Package — @leadmetrics/billing
packages/billing/src/
index.ts # public exports
rates.ts # CREDIT_RATES constant
balance.ts # getOrCreateCreditBalance, reserveCredits, consumeCredits, releaseCredits, getCreditCostPrisma Models (packages/db/prisma/schema.prisma)
| Model | Purpose |
|---|---|
CreditBalance | One row per tenant — available, reserved, consumed, totalAllocated |
CreditLedger | Immutable audit trail — type ∈ allocated/consumed/reserved/released/adjusted/topped_up |
CreditTopupOrder | Razorpay top-up order records |
Credit Rates
| Credit type | Rate | Agent / worker |
|---|---|---|
context_file | 2 | setup.worker (context-file-writer step only) |
strategy | 5 | strategy-writer.worker |
deliverable_planner | 1 | strategy.worker |
activity_planner | 2 | activity.worker |
blog_post | 2 | blog-writer.worker |
social_post | 1 | social-post-writer.worker |
landing_page | 3 | landing-page-writer.worker |
gbp_post | 1 | gbp-post-writer.worker |
email_newsletter | 2 | email-writer.worker |
social_calendar | 1 | social-calendar-planner.worker |
google_ads_rsa | 2 | google-ads-writer.worker |
meta_ads | 2 | meta-ads-writer.worker |
report | 2 | report-writer.worker + custom-report-writer.worker |
research_notes | 1 | research-note-writer.worker |
topic_research | 1 | topic-researcher.worker |
ads_analysis | 1 | ads-analyst.worker |
anomaly_detection | 1 | anomaly-detector.worker |
review_response | 1 | review-response-writer.worker |
site_audit | 2 | site-auditor.worker |
keyword_cluster | 1 | keyword-researcher.worker |
content_brief | 1 | content-brief-writer.worker |
backlink_research | 1 | backlink-researcher.worker |
backlink_outreach | 1 per email | backlink-outreach-writer.worker |
channel_insight | 1 | all 8 channel insight workers (via insight-worker-base) |
ai_narrative | 1 | brand-narrative-analyst.worker |
ai_visibility | 1 per run | ai-visibility-monitor.worker |
Not charged: rag-ingestion (indexing utility), website-crawler (no LLM), social-post-designer (image generation), blog-faq-writer (secondary enrichment of an already-charged blog post), ai-visibility-seeder (setup utility).
Worker Patterns
Pattern A — createContentWorker (14 workers): Pass creditType in options; billing is handled centrally in content.worker.ts:
createContentWorker("email-writer", { creditType: "email_newsletter" })Pattern B — Standalone workers: Reserve before execute, release on all failure paths, consume after DB save. All consumeCredits/releaseCredits calls are non-fatal (.catch(log.warn)).

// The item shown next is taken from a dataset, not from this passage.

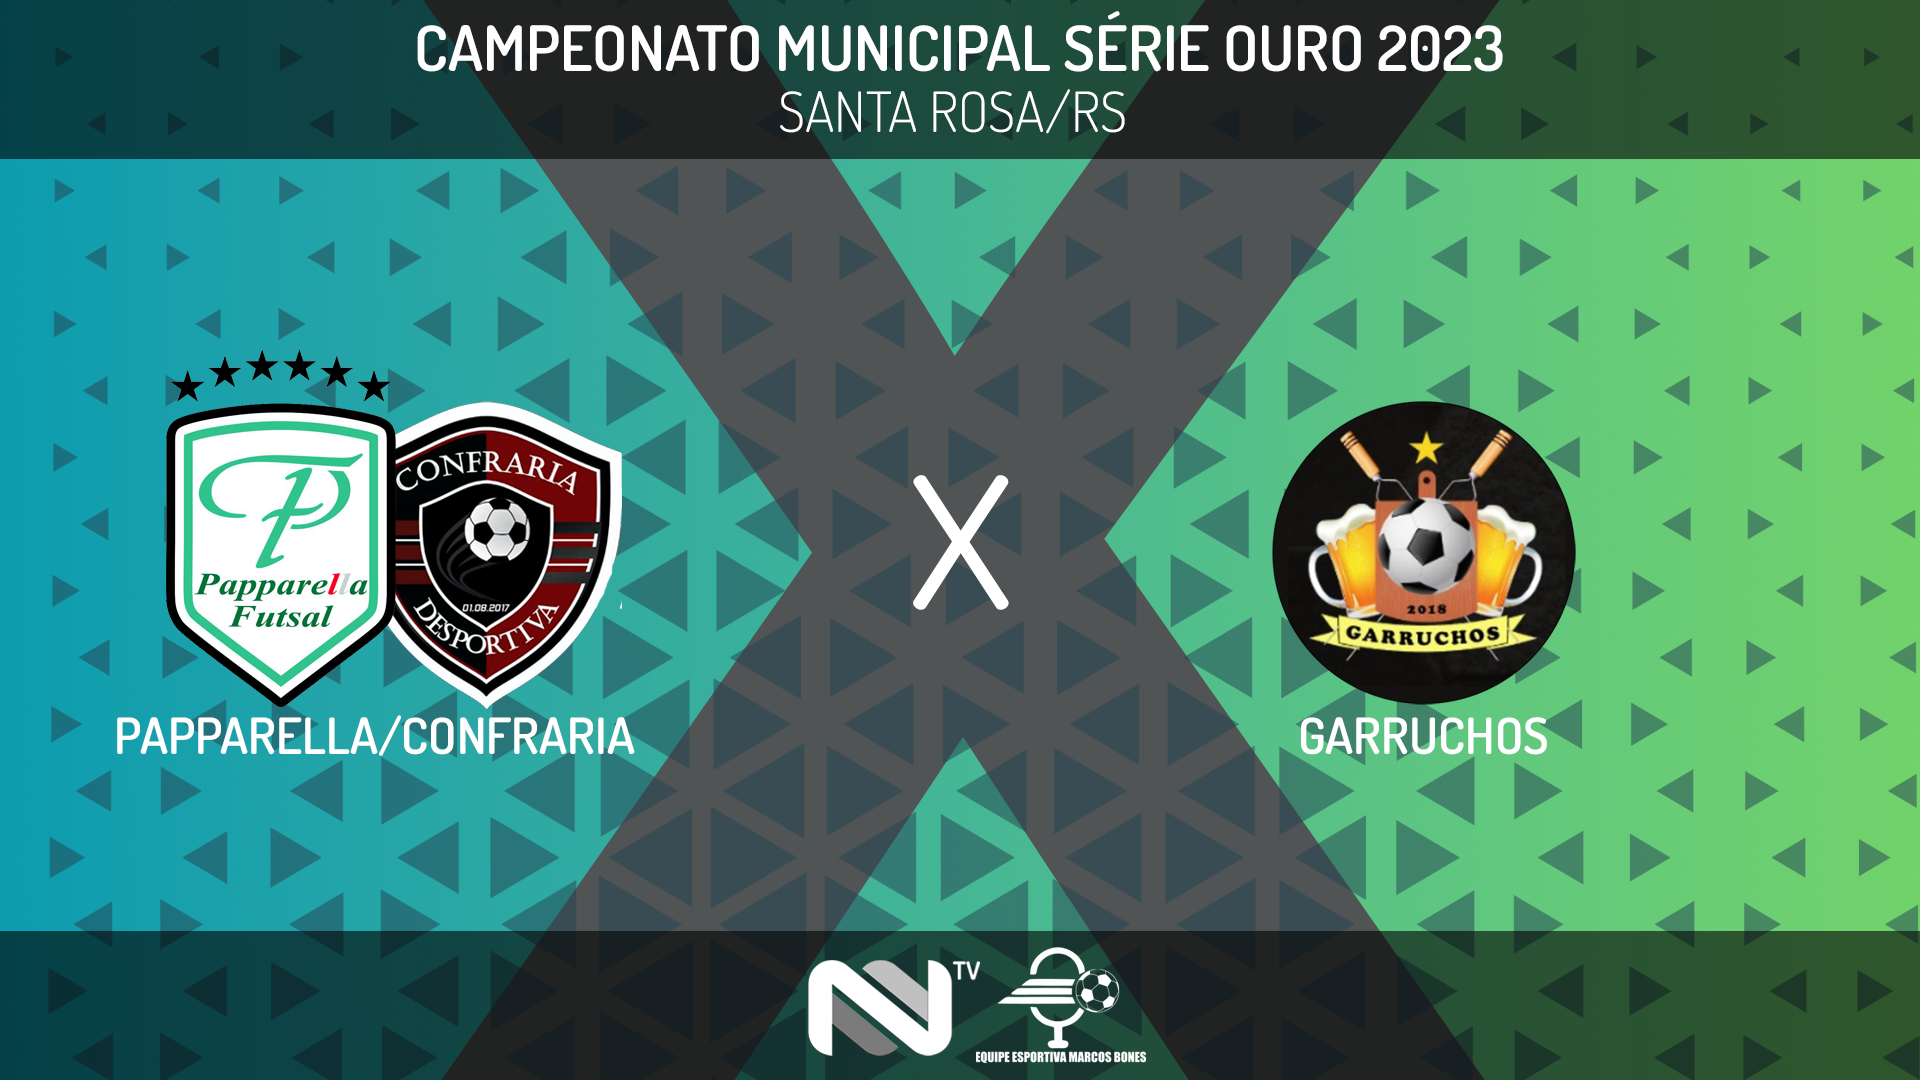 Campeonato Municipal de Futsal Série Ouro 2023 de Santa Rosa/RS

Insight workers: Billing wired once in packages/agents/src/workers/insights/insight-worker-base.ts — all 8 channel insight workers inherit it automatically.
API
GET /admin/v1/billing/tenant-usage?tenantId=— requireSuperAdmin; returns credits + recent ledger + LLM 30-day aggregatesPOST /admin/v1/billing/credits/adjust— manual credit adjustment
UI Screens
Dashboard /usage — Credits & Usage: balance progress bar (violet/amber/red thresholds), Razorpay top-up, recent ledger.

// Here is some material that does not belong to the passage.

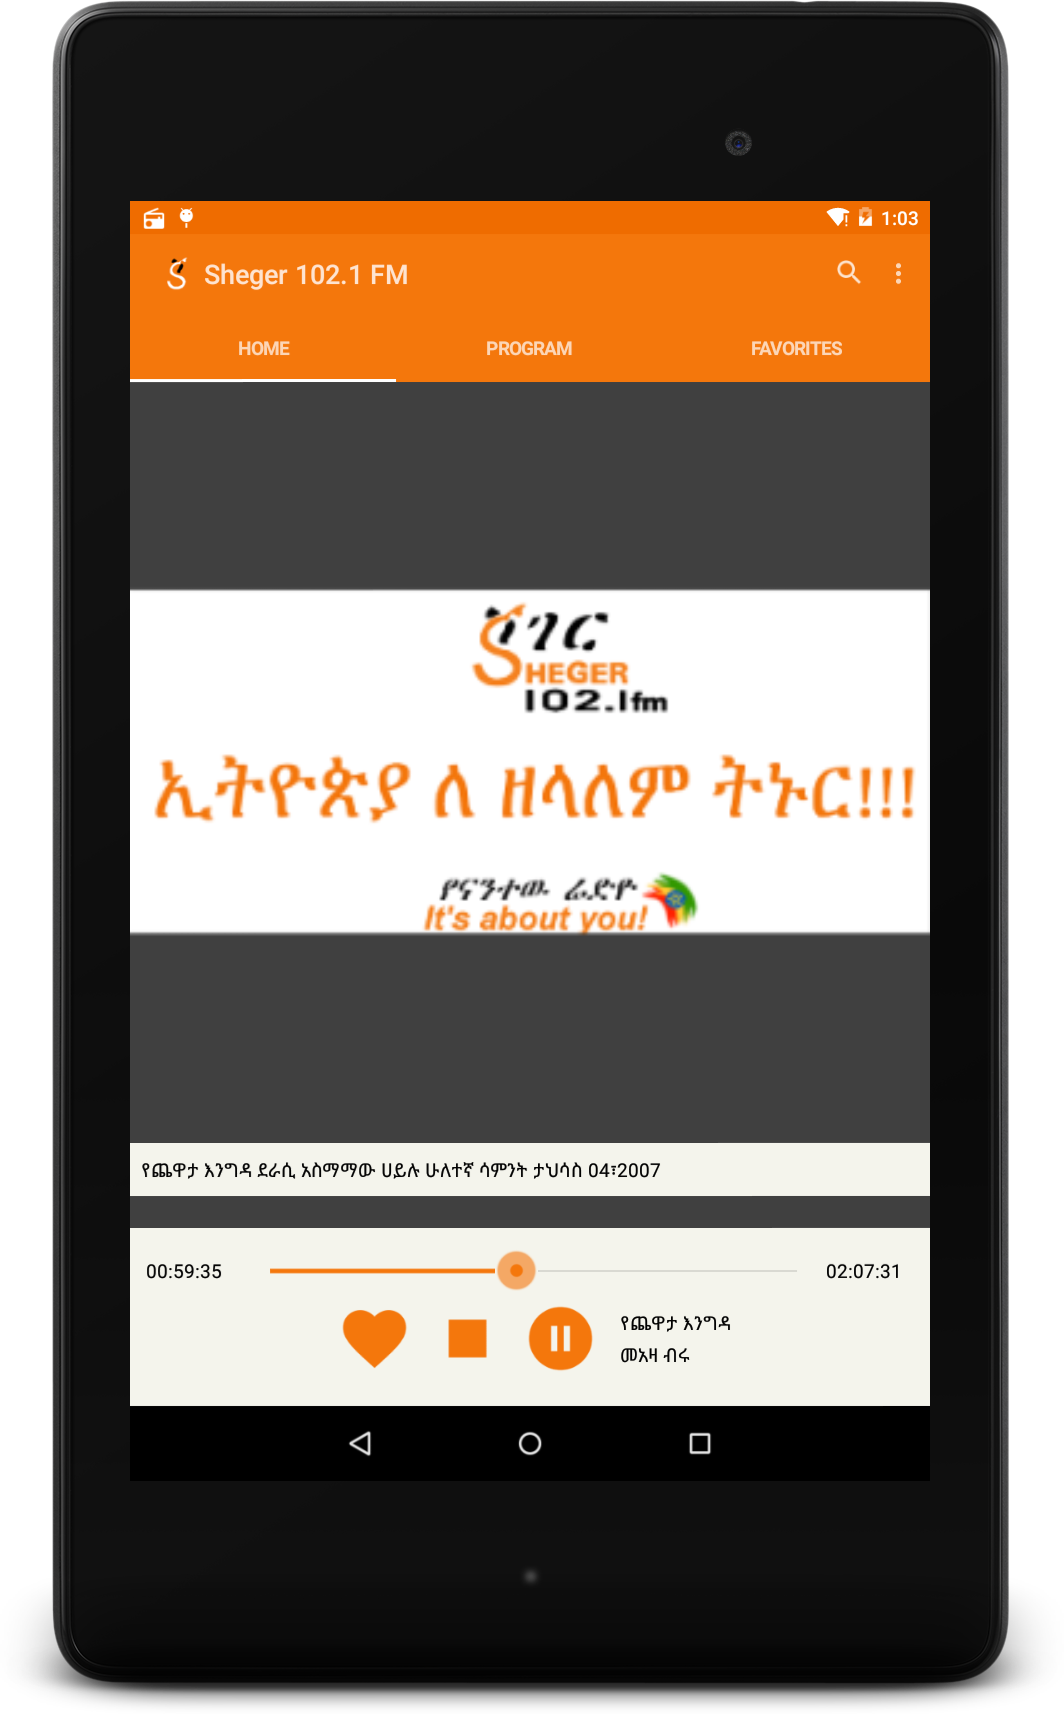 Sheger 102.1 FM APK 4.5.3 for Android – Download Sheger 102.1 FM APK Latest  Version from APKFab.com

Dashboard /costs — LLM Costs: 30-day totals, daily bar chart, by-agent-role table, by-model table. Data source: AgentRun table (costUsd, inputTokens, outputTokens).
Dashboard sidebar — “Billing” NavGroup: Credits & Usage (Coins icon) + LLM Costs (DollarSign icon), between Audit Logs and Settings.
Manage portal /tenants/[id] → Credits & LLM tab — per-tenant credit balance, adjust form (amount + note), LLM spend aggregates, recent ledger.
Purpose
Monitor and control LLM spending across all agents, activities, and tenants. Every dollar spent on inference must be attributable, auditable, and controllable. Costs are surfaced at every level of the system so over-runs are caught early and billed back to the right tenant.
Related: Database —
llm_calls,billing_events,agent_monthly_spendtables | Multi-Tenancy — per-tenant cost caps | Agent Hierarchy — cost caps per agent role inagent_configs
Budget Cap Hierarchy
Four levels of budget enforcement apply in order from most granular to most broad. An agent task is blocked if any level’s cap is exceeded.
┌──────────────────────────────────────────────────────────┐
│ Tenant monthly cap │ ← Platform-wide ceiling per client
│ └── Agent monthly cap (per role) │ ← Monthly ceiling per agent type
│ └── Campaign budget cap │ ← Per-campaign spending limit
│ └── Per-task cost cap │ ← Single execution ceiling
└──────────────────────────────────────────────────────────┘What Gets Tracked
| Event | What’s captured |
|---|---|
| Every LLM call | model, input tokens, output tokens, cost USD, duration, prompt hash, task run |
| Every tool call | tool name, method, duration, success/failure |
| Agent monthly spend | cumulative cost per agent role per tenant per calendar month |
| Tenant monthly spend | cumulative cost across all agents per tenant per calendar month |
| Budget cap breaches | level (task / campaign / agent / tenant), threshold hit, action taken |
| Session totals | cumulative tokens across all calls in a session |
Cost Calculation
Cost is calculated immediately after each LLM call completes, before the result is returned to the worker.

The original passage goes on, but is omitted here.